The story gets more complicated and interesting. The optic nerves also cross at the midline called the chiasm. In fish, chickens and animals with eyes on the side of the head and lacking binocular vision, all the fibers of the left optic nerve cross at the midline and go the right occipital cortex at the back of the head and those from the right optic nerve cross to the left occipital cortex. For those animals with eyes in the front of the head and overlapping fields of both eyes the benefit is stereoscopic vision that allows a frog to protrude its tongue to just the right distance to catch a fly in front of it. To best utilize this new faculty, the fibers not from the whole eye but from corresponding fields of vision from each eye must go to the same destination. Thus the fibers from the right field (temporal) of the right eye and the right field (nasal) of the left eye must go to the left occipital cortex and vice versa. This means that only the nasal fibers from each eye should cross at the chiasm and the temporal fibers of each eye should not cross to give stereoscopic vision. For non-stereoscopic panoramic vision all the fibers from each eye should cross. Life would be simple if all animals at all times follow a single life form and lifestyle. There are amphibians with two-stage lifestyles as the prefix 'amphi' in their name suggests. Frogs begin life as tadpoles with eyes on the side and end up as frogs with eyes in front of the head, stereoscopic vision and predators of insects.

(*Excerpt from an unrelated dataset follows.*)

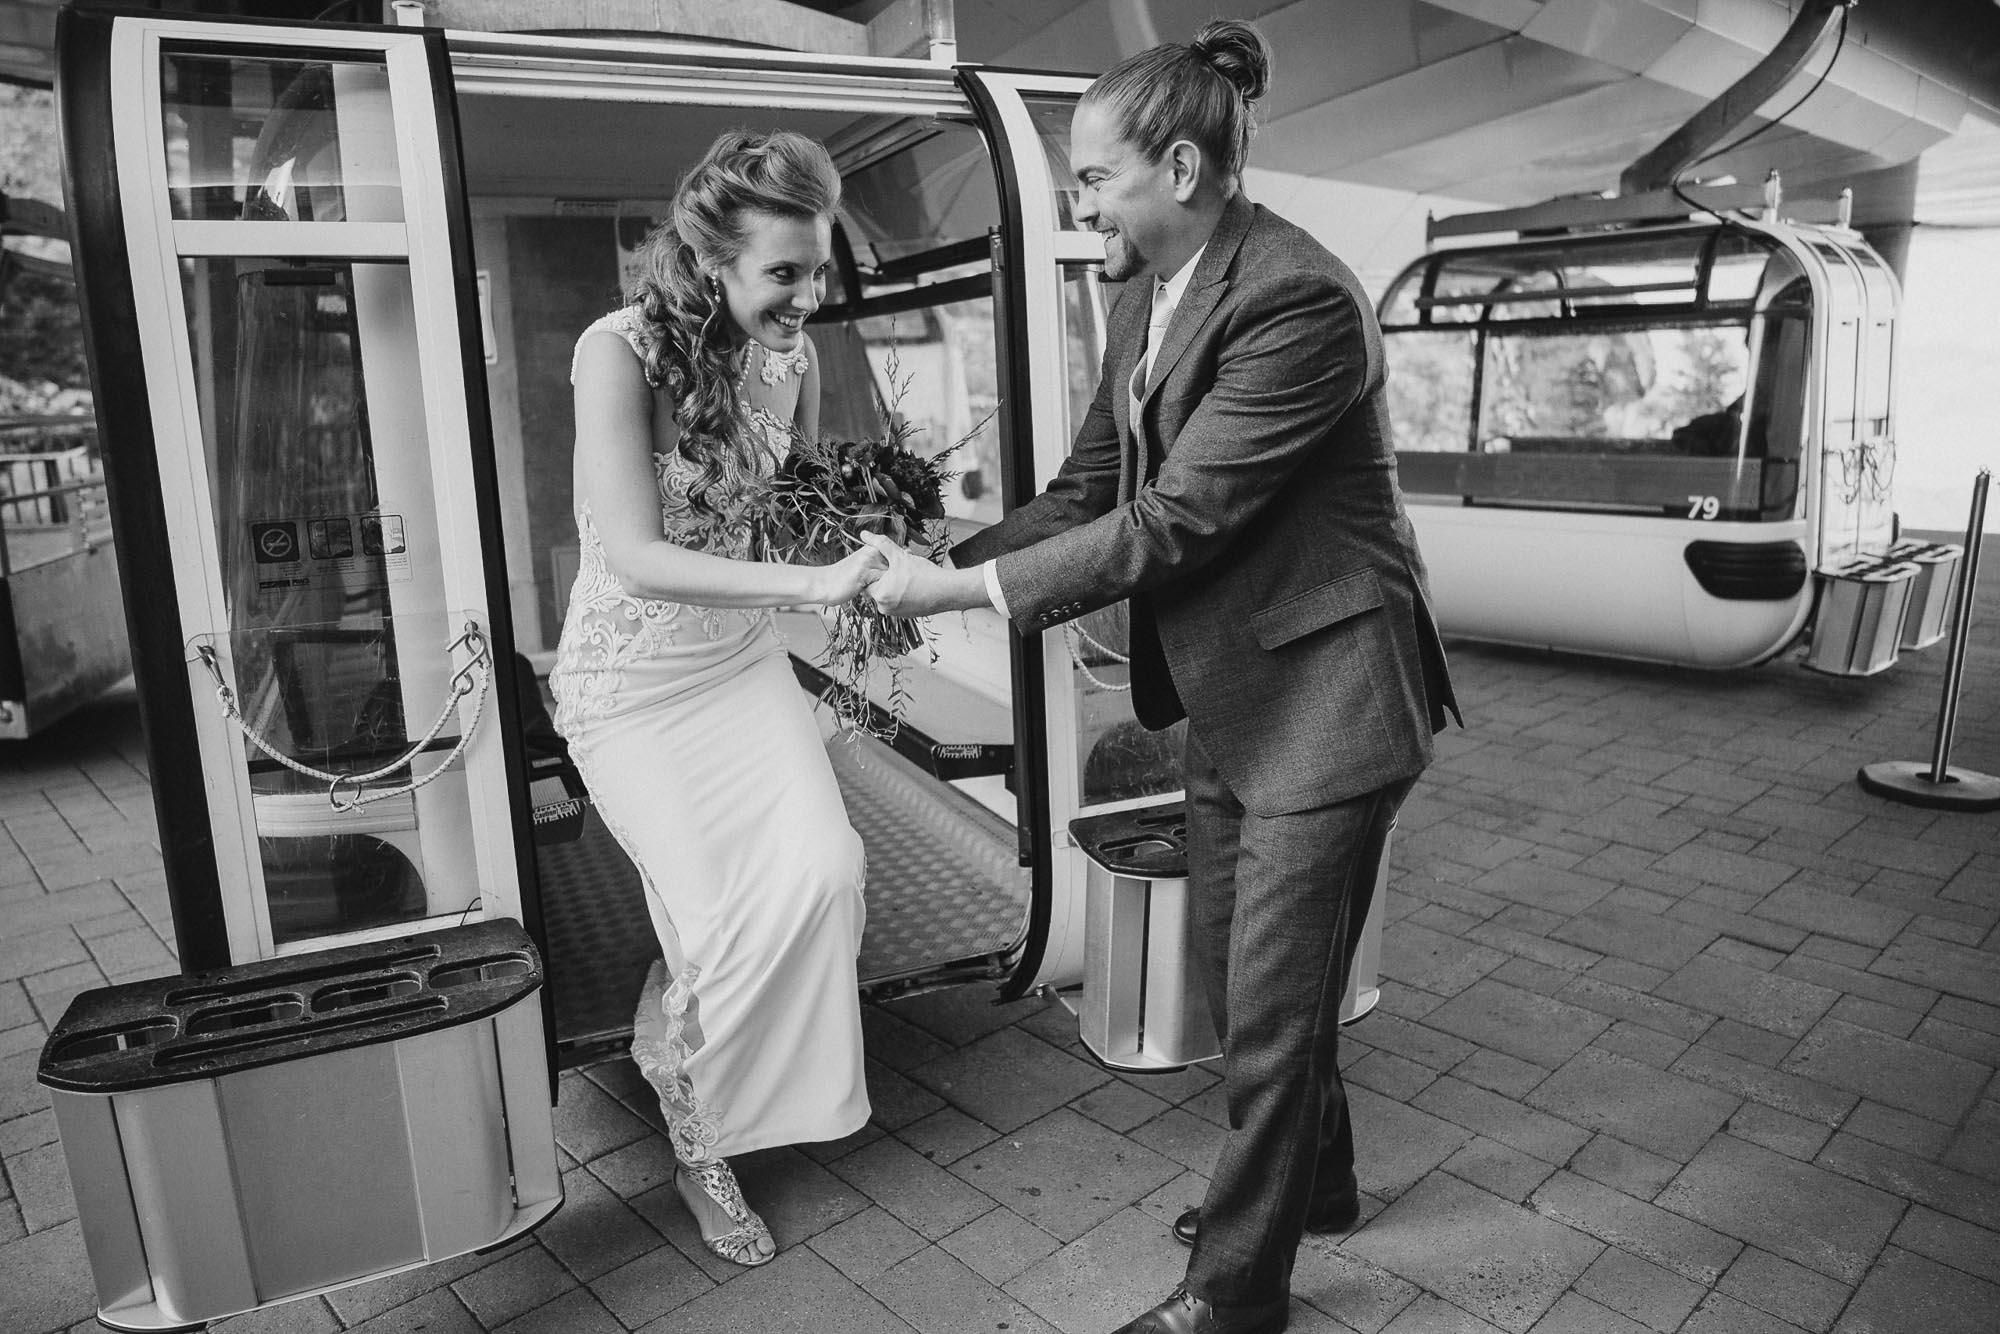 Snowbasin wedding bride and groom exiting gondola photo

Caesar crossed the Rubicon in defiance of the legal limits set by the Roman Republic and the Chiasm (crossing) of the optic nerves is such a Rubicon. How is this transformational change in wiring between the optic nerves of a tadpole and frog accomplished? During development in the tadpole each retinal neuron develops an axon with a growth cone that migrates towards the chiasm and all cross. As the tadpole develops into a frog, new neurons and new axons with growth cones develop and migrate to the chiasm. This time only the nasal fibers from each eye cross and the temporal fibers from each eye do not. At the chiasm a gene is switched on that secretes a protein called Ephrin B. Of the incoming fibers at the chiasm, only the temporal fiber axonal growth cones turn on a gene, which expresses a receptor on the growth cone, which is repelled by the protein Ephrin B. The temporal fibers from each eye are deflected away from the chiasm and proceed to the same side. The incoming nasal fibers from each eye do not express the receptor and ignoring the signals from Ephrin B cross over to the opposite cortex. It is the differential and altered timing of the turning on of genes that determines the shape, form and connections. This is why roughly the same number of genes with over 95% commonality still results in a huge difference between apes and humans.

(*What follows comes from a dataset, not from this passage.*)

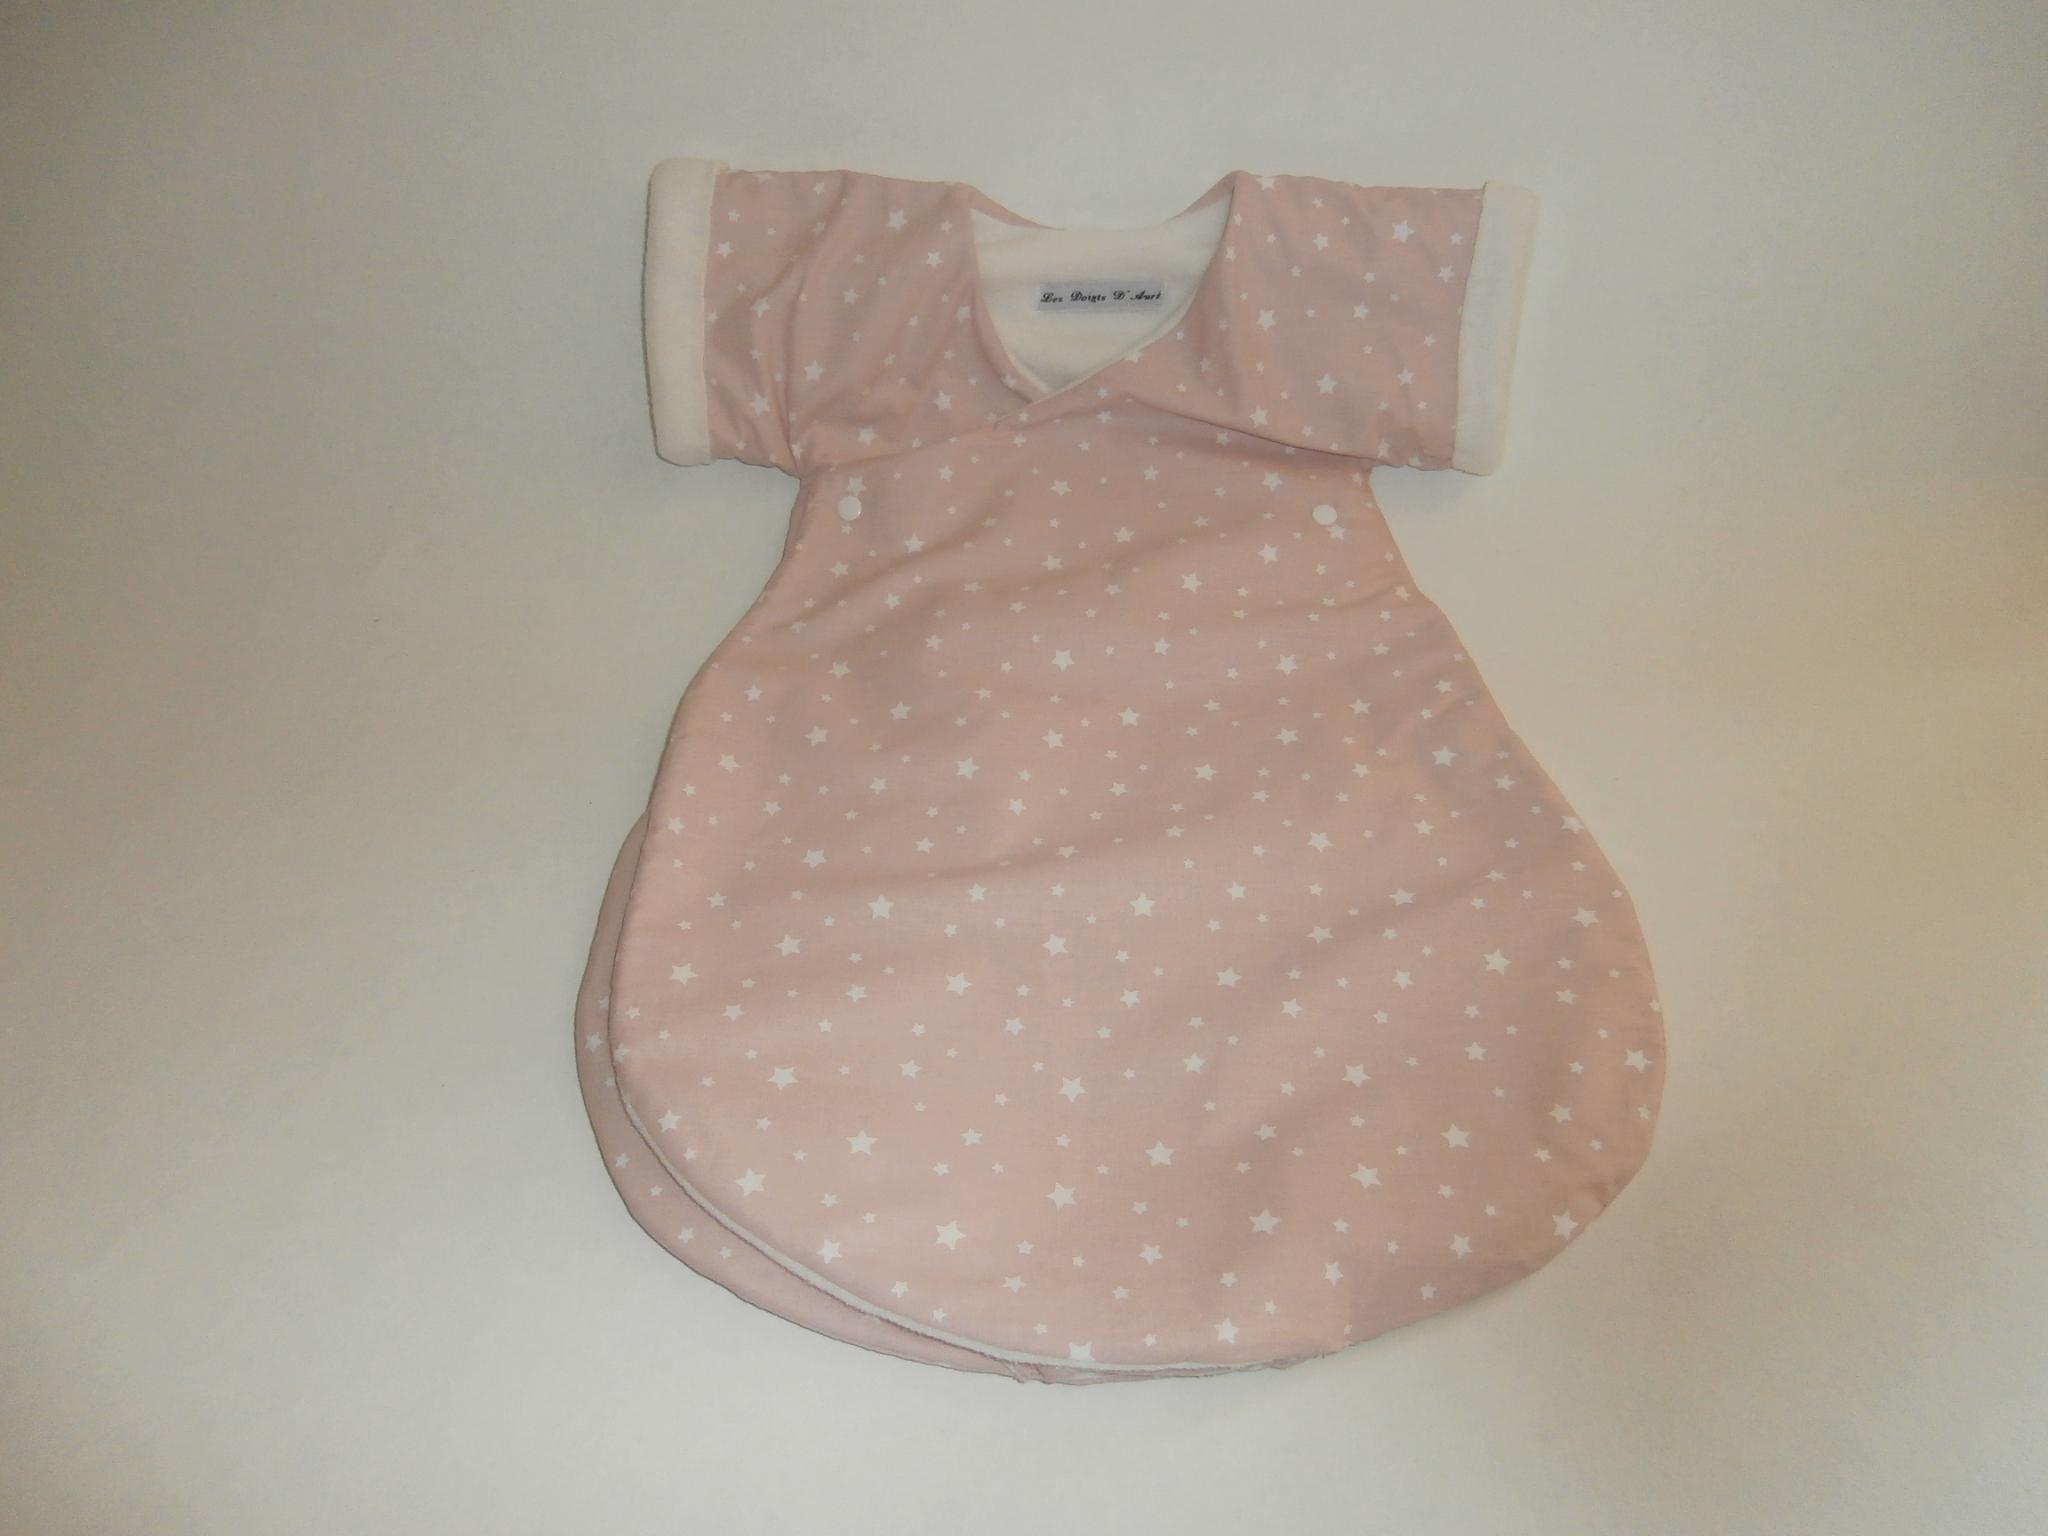 gigoteuse 3/6 mois, possibilité autres tailles, fermeture croisée par pression, très pratique avec nouveau-né. Tissus à choisir ensemble. 45€ sur commande

There is a family of genes whose proteins play the role of traffic cops during the migration and connectivity of the trillions of growing axons. They are called Netrins, Ephrins, Semaphorins and Slits. Netrins attract and the others repel. Some other axons have to cross and have to be prevented from re-crossing and follow there crossed path only as far as their rendezvous point. This feat is accomplished at times by turning off the gene for Slit receptor, called Robo and thus crossing by ignoring the Slit protein. Having crossed they reactivate the Robo gene and thus express a receptor that prevents re-crossing. The stoppage of further movement is achieved by switching off other genes called Robo2 and Robo 3 when the axon arrives at its destination. The making of human or other creatures is a matter of exquisite timing by genes, the master chefs. The story is reminiscent of the Exodus, where everyone is allowed to cross the Red Sea under the guidance of Joshua's traffic cops, but even Moses, the liberator is forbidden to cross over to the promised land for lacking the outward manifestation of the covenant with the Great Traffic Controller and Designer at the fork in the road to destiny.